Malic acid is the only organic acid present in fresh A. vera gel, constituting a natural component essential for the plant’s photosynthesis. By contrast, commercial products may contain high levels of other organic acids, such as citric acid, lactic acid, and succinic acids [19].

In the studies by Minjares-Fuentes et al. [27], the ¹H-NMR spectra exhibited signals corresponding to malic acid and acemannan polymer, two natural components found in A. vera gel, in all samples studied. Additionally, the quantitative analyses performed to determine the levels of acetylation of acemannan showed a 40–70% reduction in acetylation of the polymer depending on the drying process used. The deacetylation of acemannan was also observed on FT-IR analyses by other authors [28, 30].

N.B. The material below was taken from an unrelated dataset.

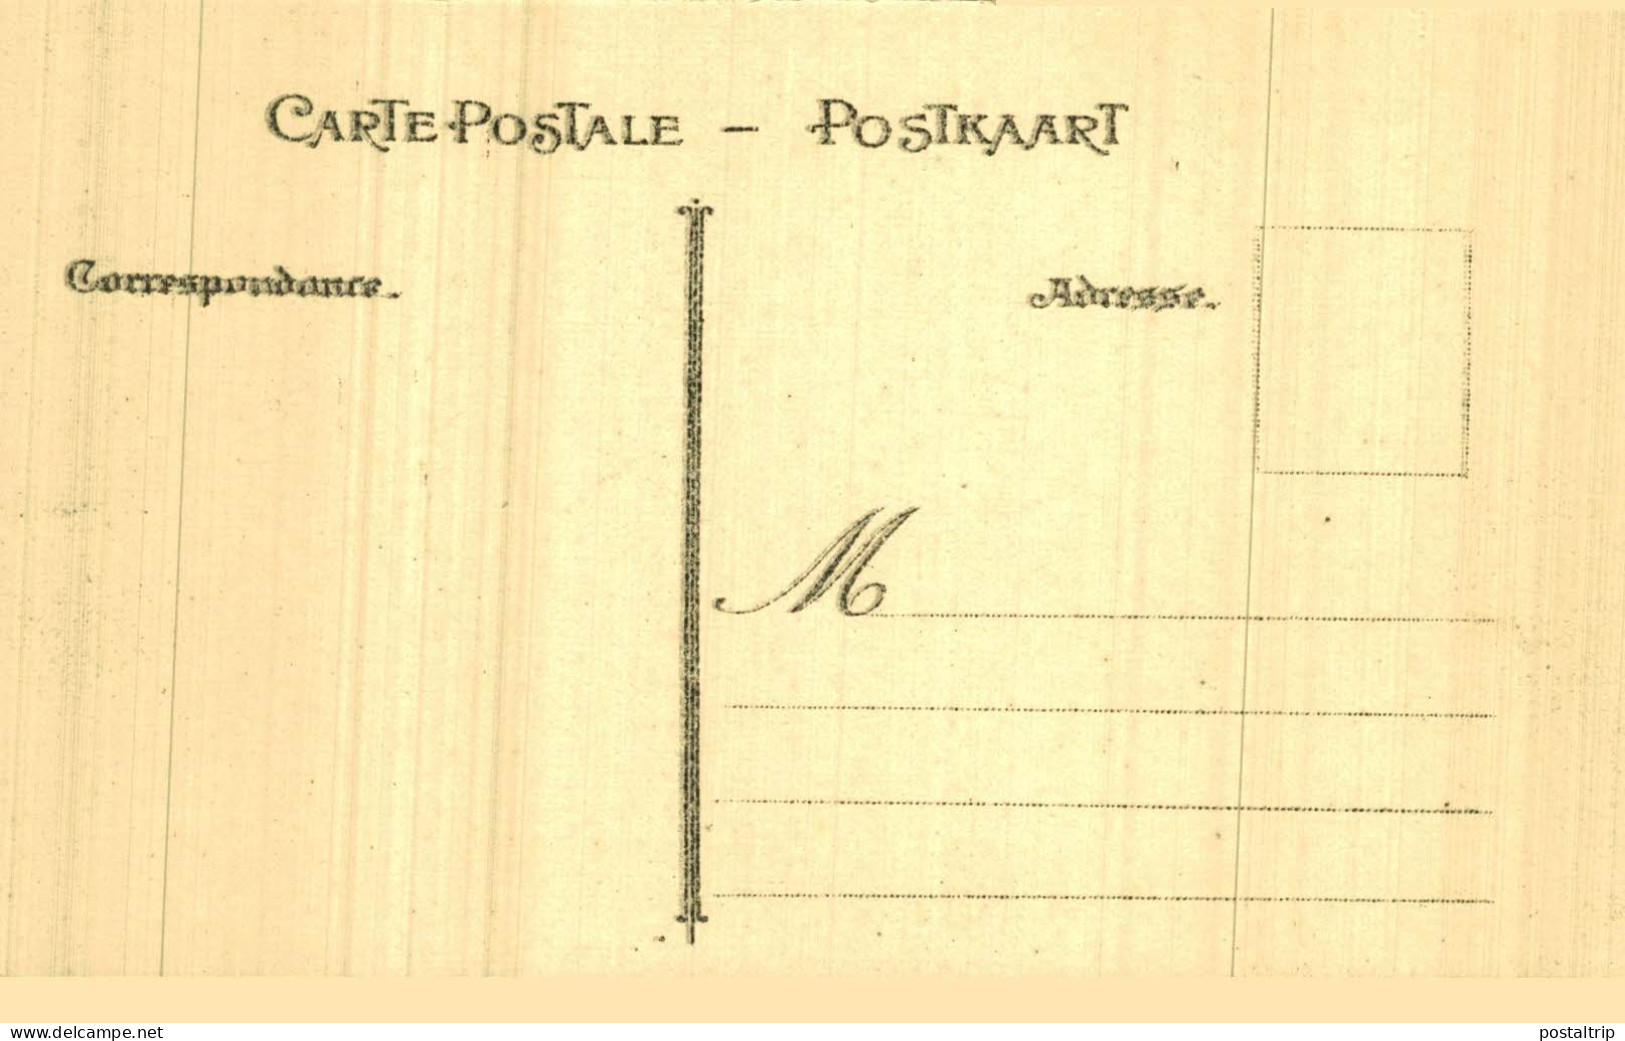 LOTE 40 POSTALES HAINAUT Tournai - Cortège-Tournoi de Chevalerie (1513-1913)

Citric acid is a natural preservative added to foods as a flavor enhancer and to prevent oxidation that is widely used in the food industry. The pH of juice from A. vera gel is generally adjusted to 3.0–3.5 with citric acid before concentration and drying. However, some samples contained extremely high levels of citric acid [19]. Acemannan can be converted into acetic acid (2.08, 11.00 ppm), lactic acid (1.34; 2.00; 4.27; 11.00 ppm), and succinic acid (2.5; 11.00 ppm) by microbial contamination and subsequent degradation. Detection of these organic acids on ¹H-NMR spectra suggests the occurrence of degradation [24] and should be absent in quality A. vera products.

The results found by Minjares-Fuentes et al. [27, 28] showed that acemannan polymer was severely affected by the different drying methods employed, with acemannan deacetylation detected by ¹H-NMR and FT-IR techniques, having a potentially serious impact on the biological activities attributed to the plant. Acetylated polysaccharides have been identified as an authentic marker of A. vera gel, and good quality derivatives should contain high levels of these polysaccharides [39].